Large language models (LLMs) have recently experienced tremendous popularity and are widely used from casual conversations to AI-driven programming. However, despite their considerable success, LLMs are not entirely reliable and can give detailed guidance on how to conduct harmful or illegal activities. While safety measures can reduce the risk of such outputs, adversarial "jailbreak" attacks can still exploit LLMs to produce harmful content. These jailbreak templates are typically manually crafted, making large-scale testing challenging.
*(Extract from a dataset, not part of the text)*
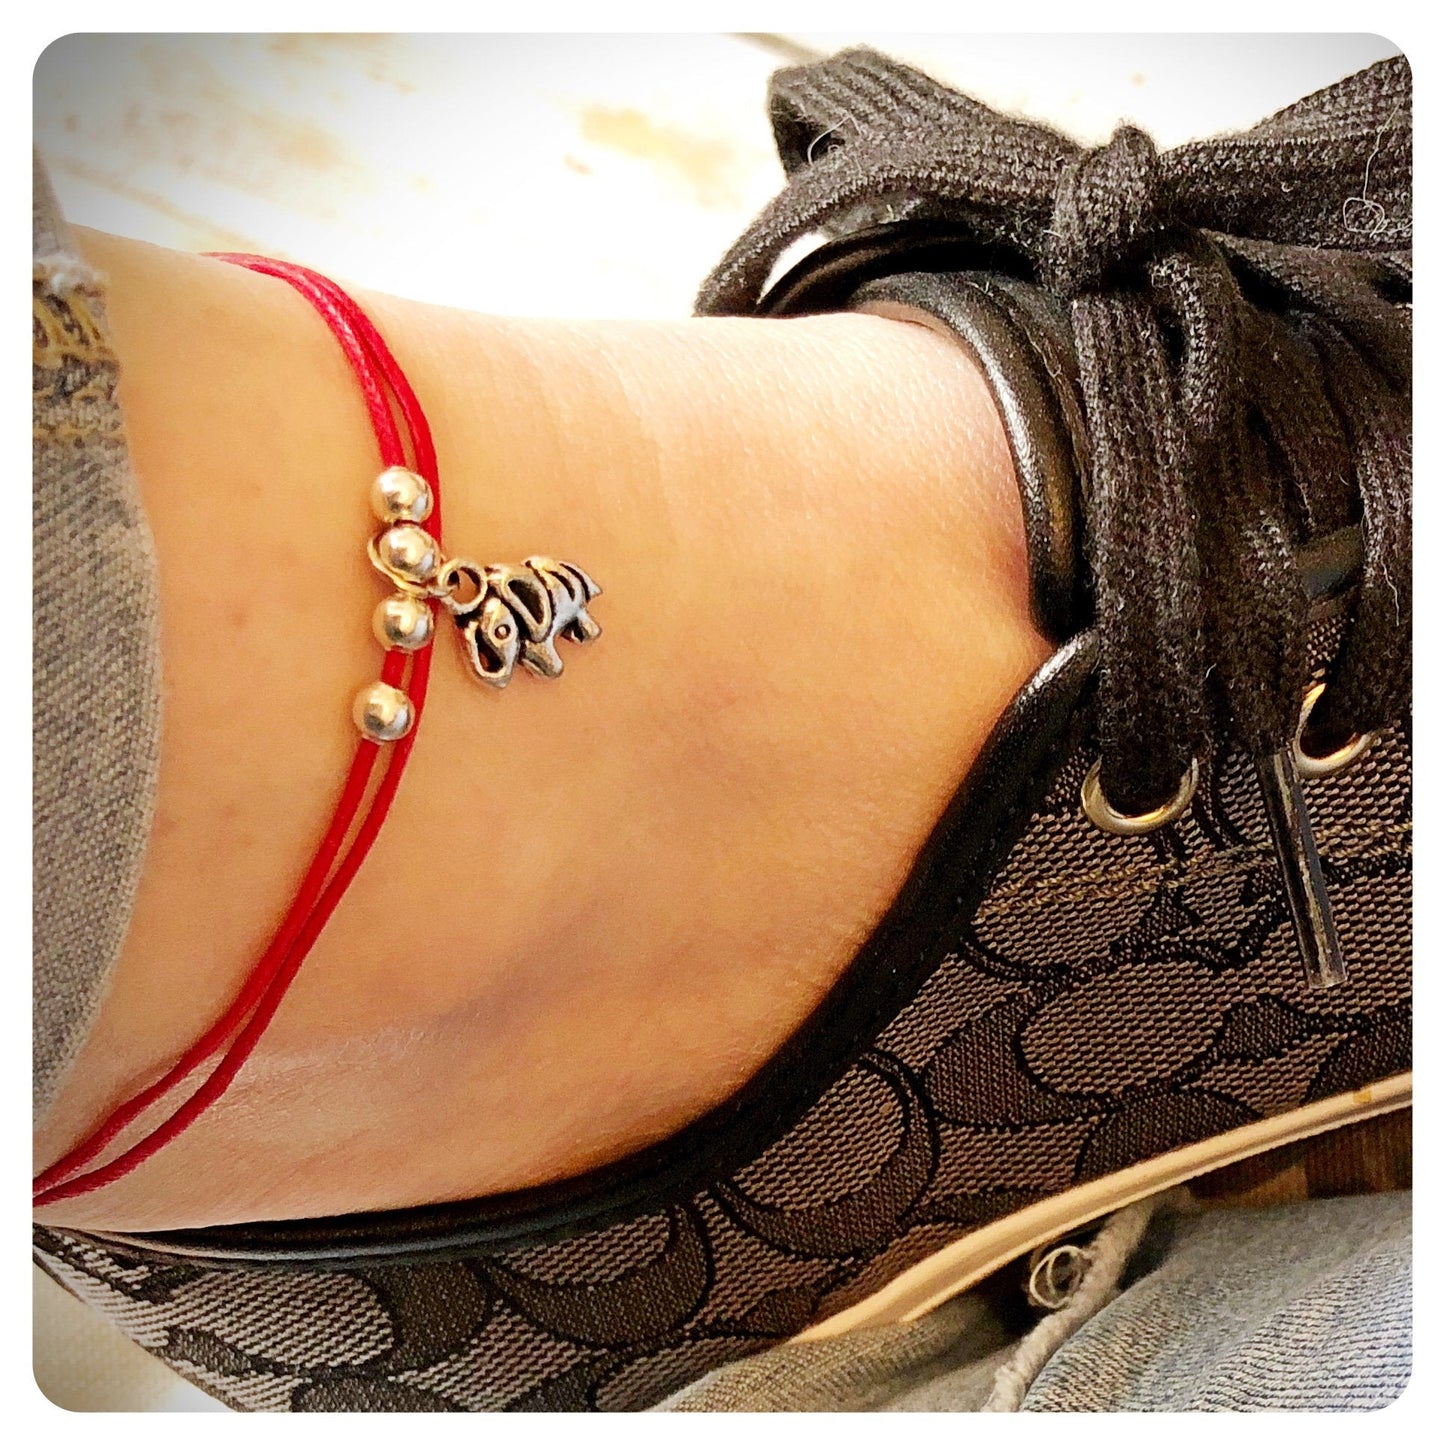 Elephant Anklet, Adjustable Ankle Bracelet, Elephant Charm Anklet, Tibetan Silver Ankle Bracelet, You Are Strong Gift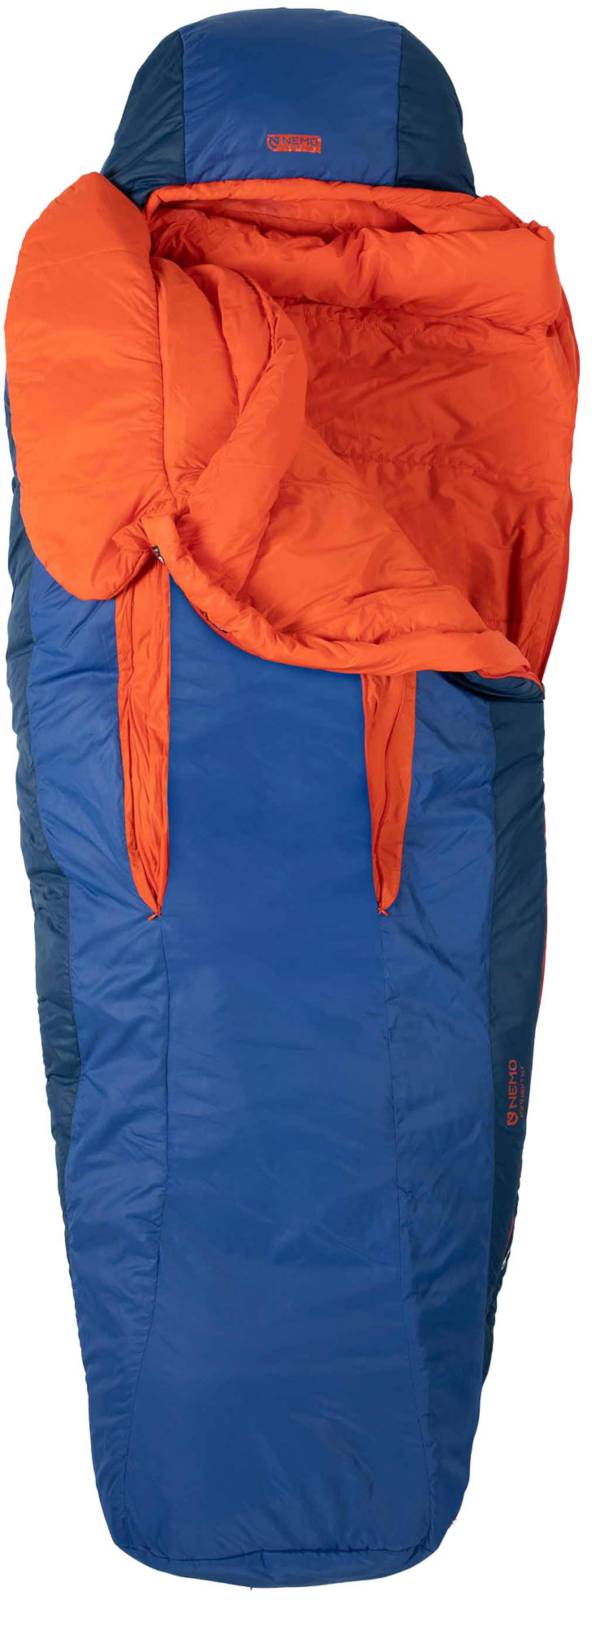 NEMO Men's Forte 35° Sleeping Bag product image

In this paper, we introduce GPTFUZZER , a novel blackbox jailbreak fuzzing framework inspired by AFL fuzzing framework. Instead of manual engineering, GPTFUZZER automates the generation of jailbreak templates for red-teaming LLMs. At its core, GPTFUZZER starts with human-written templates as seeds, then mutates them using mutate operators to produce new templates. We detail three key components of GPTFUZZER : a seed selection strategy for balancing efficiency and variability, metamorphic relations for creating semantically equivalent or similar sentences, and a judgment model to assess the success of a jailbreak attack.
We tested GPTFUZZER on various commercial and opensource LLMs, such as ChatGPT, LLaMa-2, and Claude2, under diverse attack scenarios. Our results indicate that GPTFUZZER consistently produces jailbreak templates with a high success rate, even in settings where all human-crafted templates fail. Notably, even starting with suboptimal seed templates, GPTFUZZER maintains over 90% attack success rate against ChatGPT and Llama-2 models. We believe GPTFUZZER will aid researchers and practitioners in assessing LLM robustness and will spur further research into LLM safety.